= PROBLEM DETAILS =
Transcribe the listing exactly, skipping every picture.

= THE DATA =

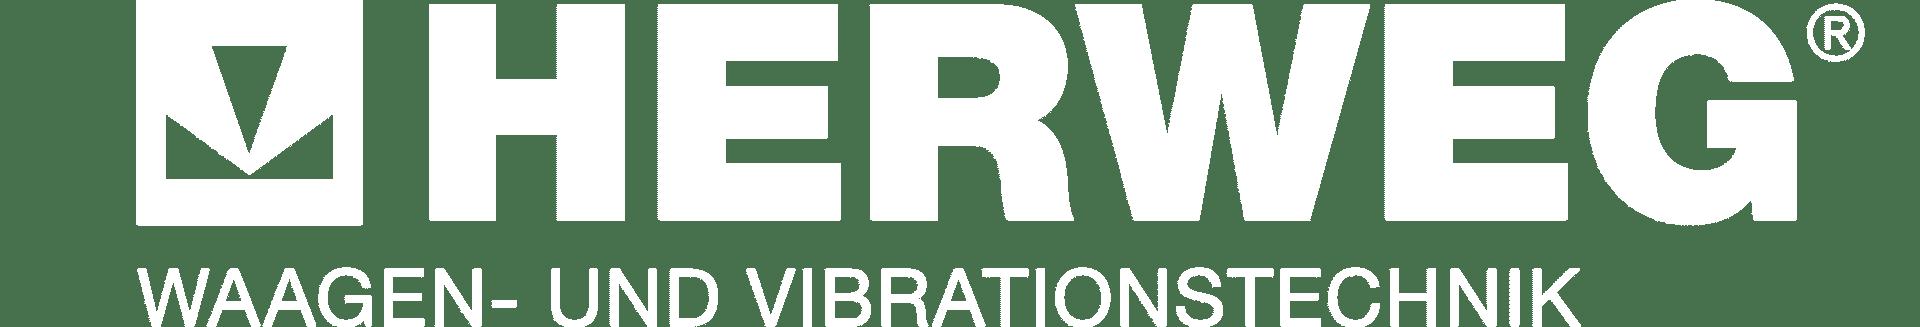 HERWEG Logo White
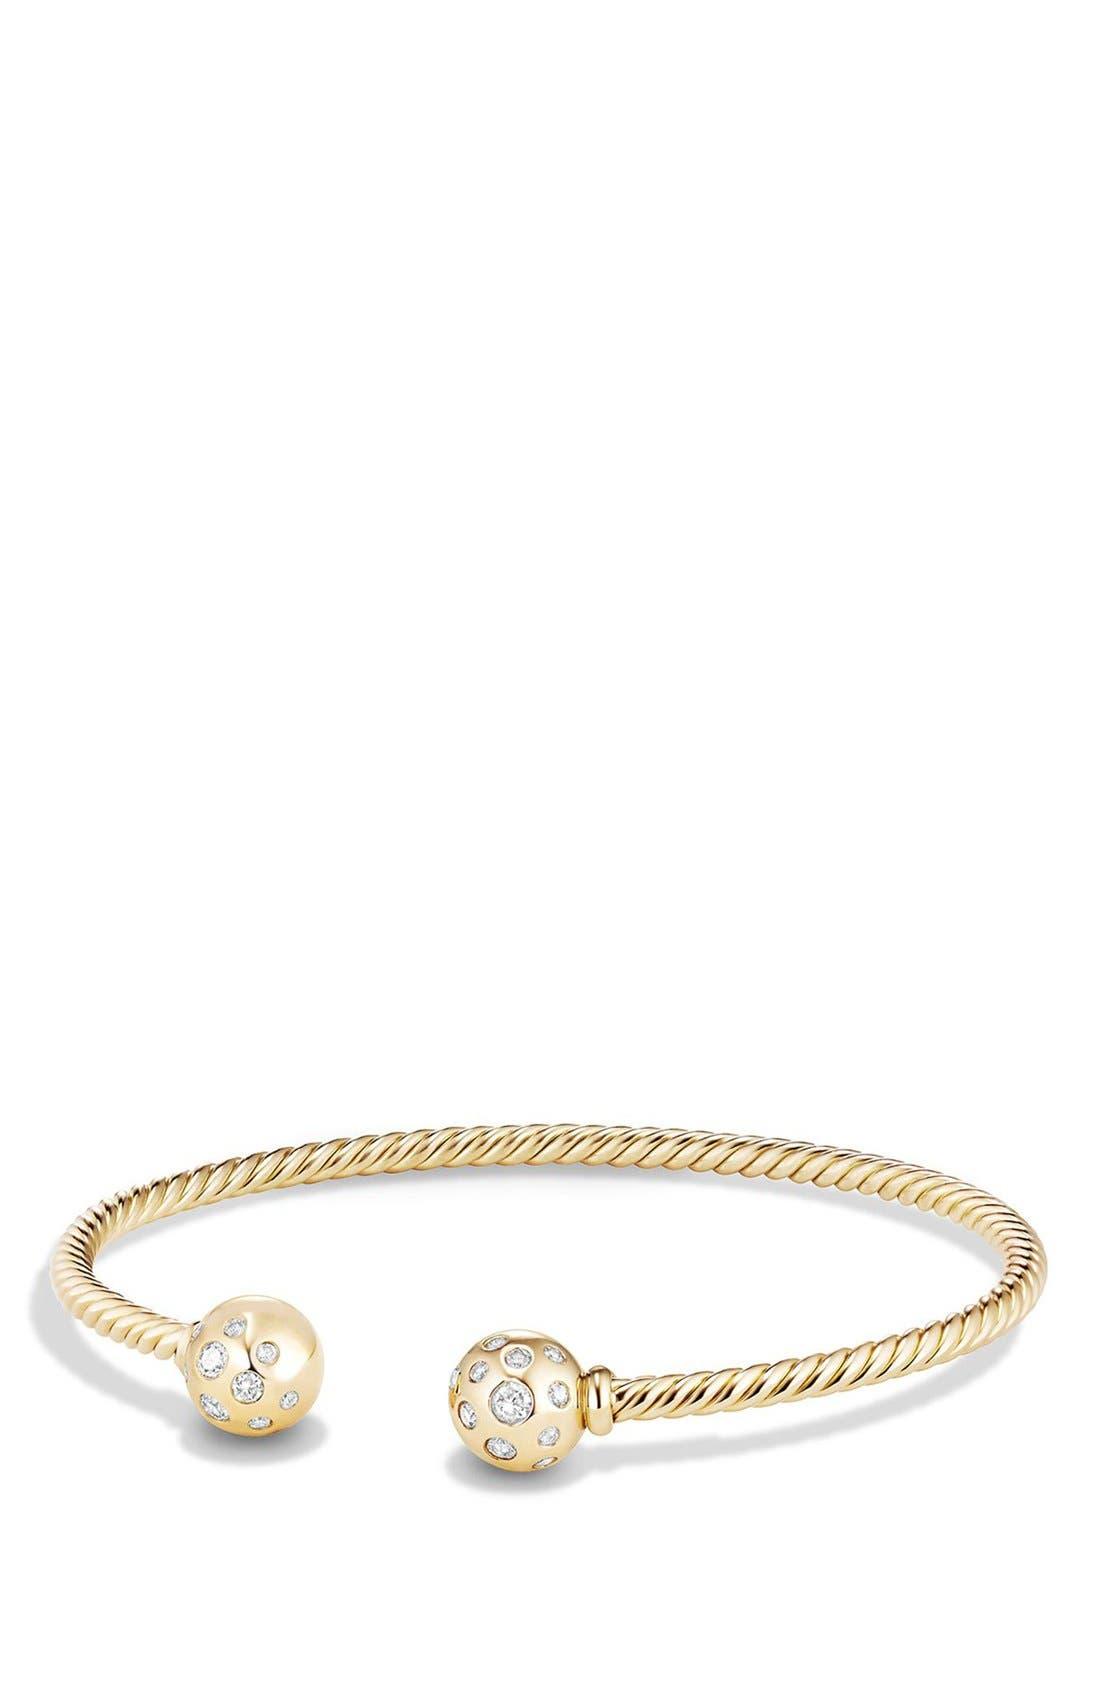 Alternate Image 1 Selected - David Yurman 'Solari' Bracelet with Diamonds in 18K Gold
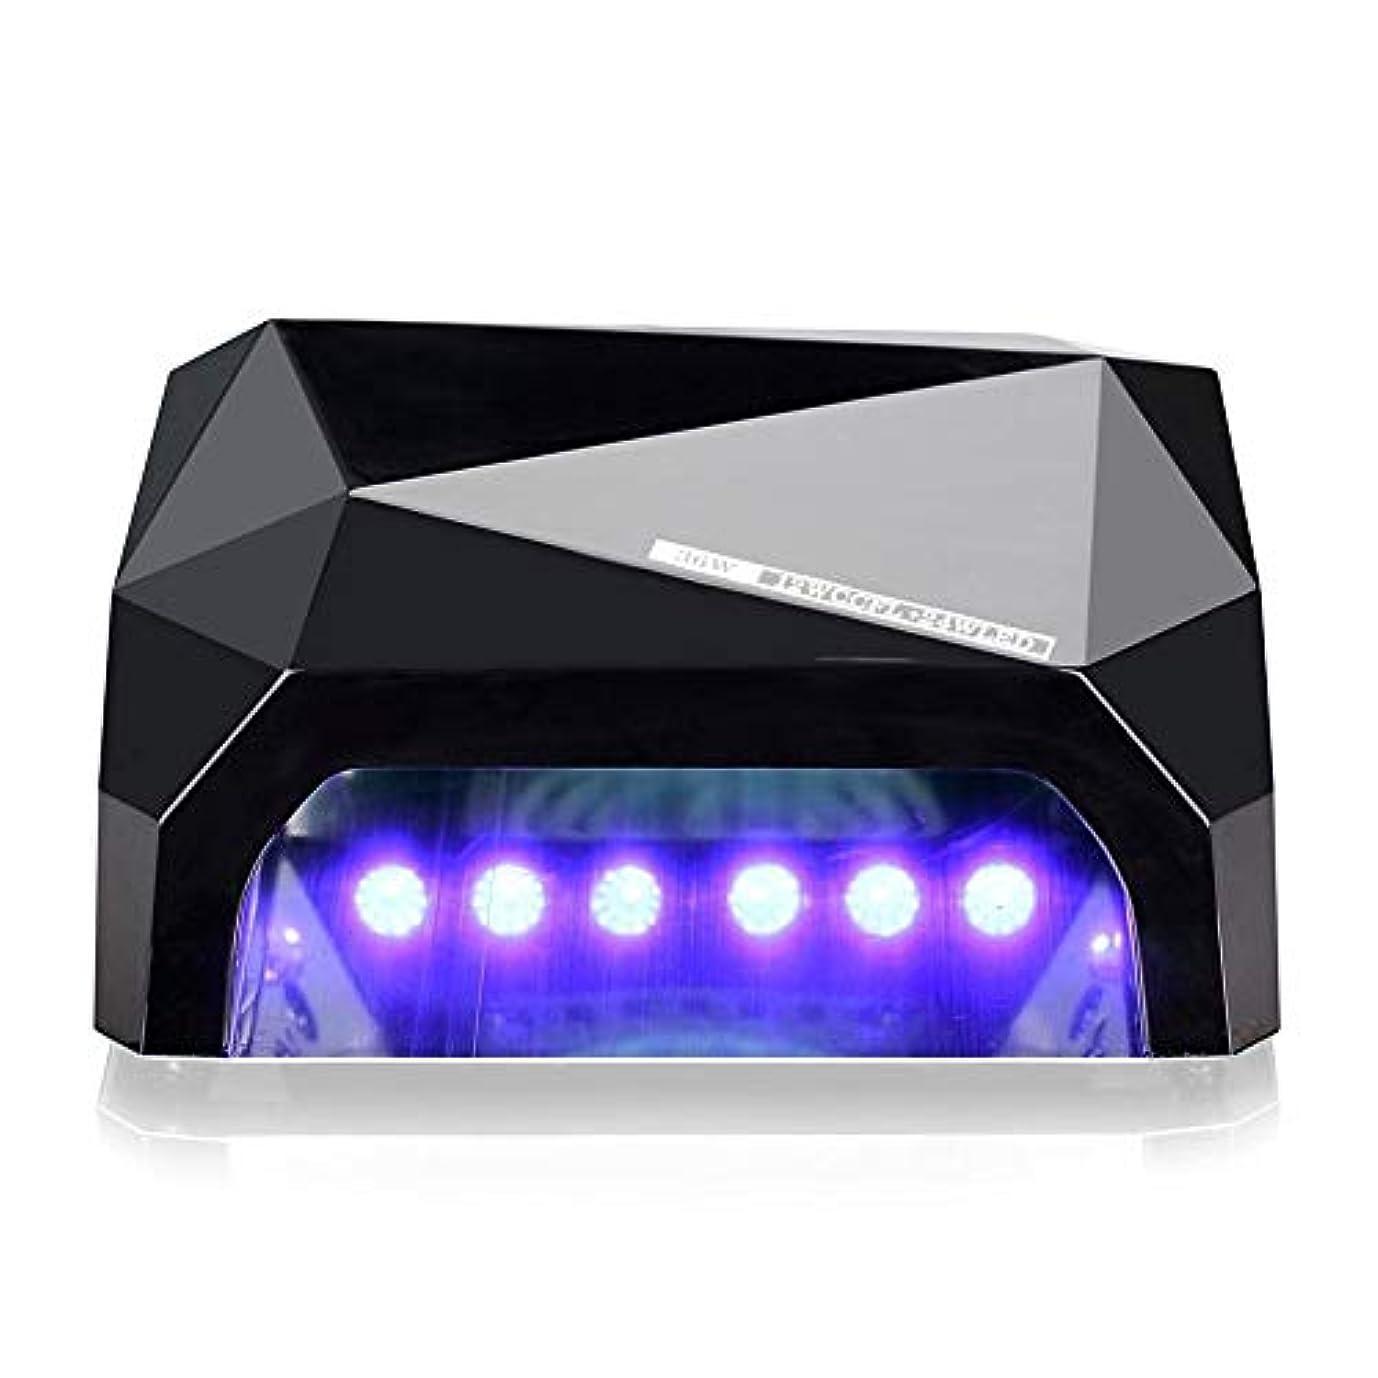 受け継ぐ五十ドキドキ36W LED UVネイルランプネイルライトドライヤー用硬化ジェルネイルポリッシュ用ネイルアートマニキュアツール3タイムプレセット(10秒30秒60秒)6色

= ANSWER TO THE PROBLEM =
 HERWEG Logo White
 Alternate Image 1 Selected - David Yurman 'Solari' Bracelet with Diamonds in 18K Gold
 受け継ぐ五十ドキドキ36W LED UVネイルランプネイルライトドライヤー用硬化ジェルネイルポリッシュ用ネイルアートマニキュアツール3タイムプレセット(10秒30秒60秒)6色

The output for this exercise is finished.